The fact is that governments (rich) have worked overtime on the design of cdm so that it is what it is today. For instance, the rules and procedures that have been developed for cdm are extremely convoluted and cumbersome and are leading to ineffective projects at the country level. Take the criterion for "additionality" -- what can be done without a cdm project -- which is in turn leading to really creative carbon accounting and poor quality projects. In fact the current rules create perverse incentives for governments to do little to combat climate change.

These over-developed criteria are purportedly the response of the rich governments and their ngos to protect against "business-as-usual" dirty projects, which they believe Southern government would want to push through in the garb of cdm. They don't trust the poor country governments. The result is bad rules made for bad projects.

The second problem concerns high transaction cost (and procedures) -- because of the compulsory involvement of private auditors and their procedures, which in turn negates the involvement of community and small projects in cdm. This was done by rich governments and their ngos to protect against the lack of credible procedures in the South.

But look at the end result. The procedure stipulates that the project proponent hires the consultant to do the project design and then hires the authorised validator to certify the project, based on the consultant's report.
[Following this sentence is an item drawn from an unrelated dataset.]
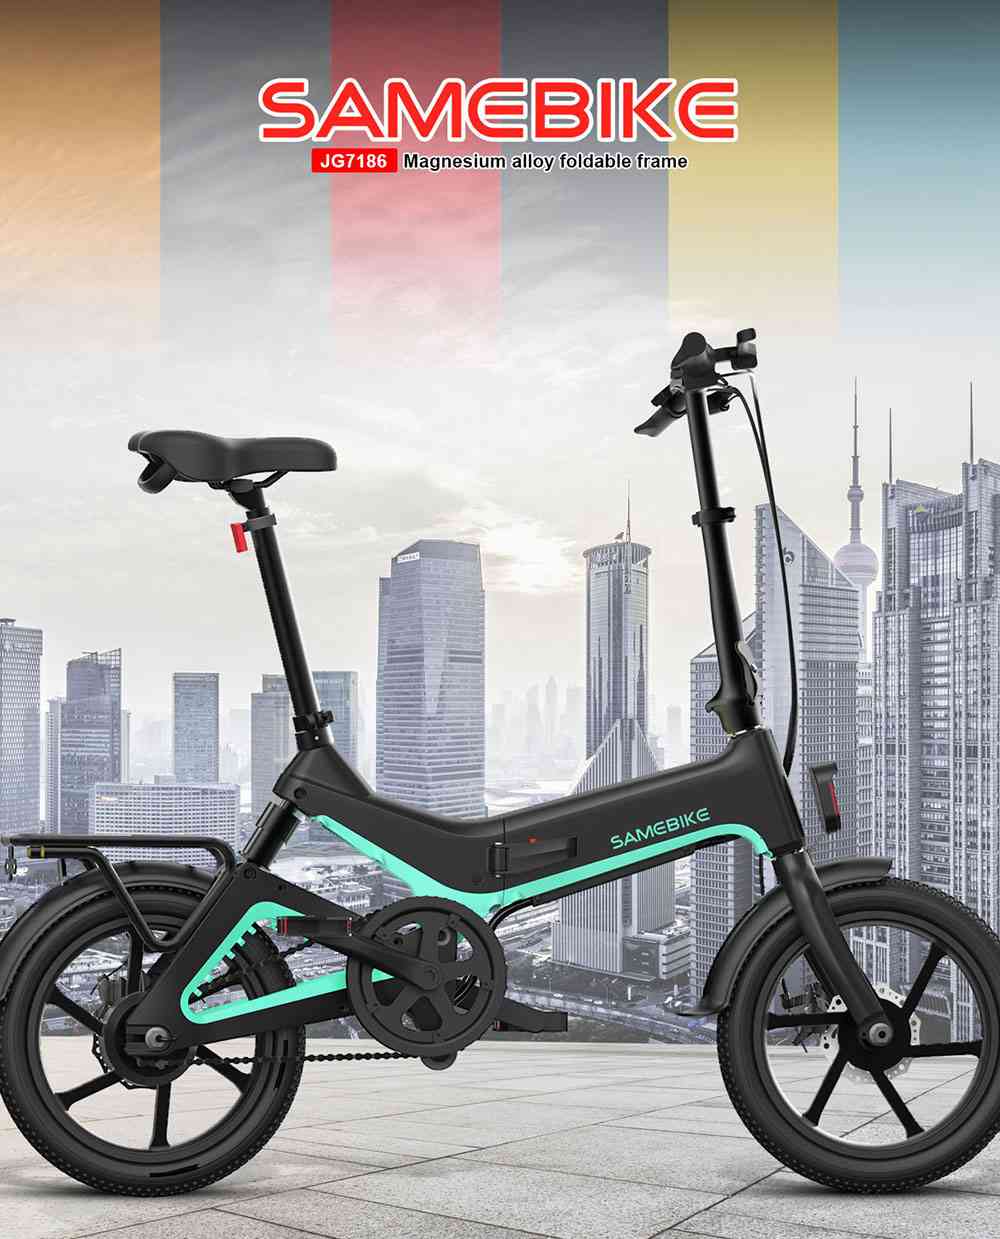 Samebike JG7186 Folding Electric Moped Bike 16 Inch Inflatable Tires 250W Motor Smart Display Adjustable Heights Up To 25km/h Speed Max 65km Long Range For Adults & Teenagers - Red

In other words, the entire process is regulated by mutual self-interest. It is no wonder that Down To Earth indicted two internationally acclaimed auditors -- namely, PricewaterhouseCoopers and Ernst & Young -- for fraudulent project design documents.

I could go on. But the moot point is that the design of cdm is flawed. It keeps prices low; it forces the South to discount its advantage in reducing emissions. It does little for combating climate change. If the threat of climate change is real, then the answers to it must also get real. cdm is a half-way house because it does not build a global climate regime based on entitlements for all. But it can deliver the building blocks of a cleaner tomorrow. For this we must do things differently. Much more differently.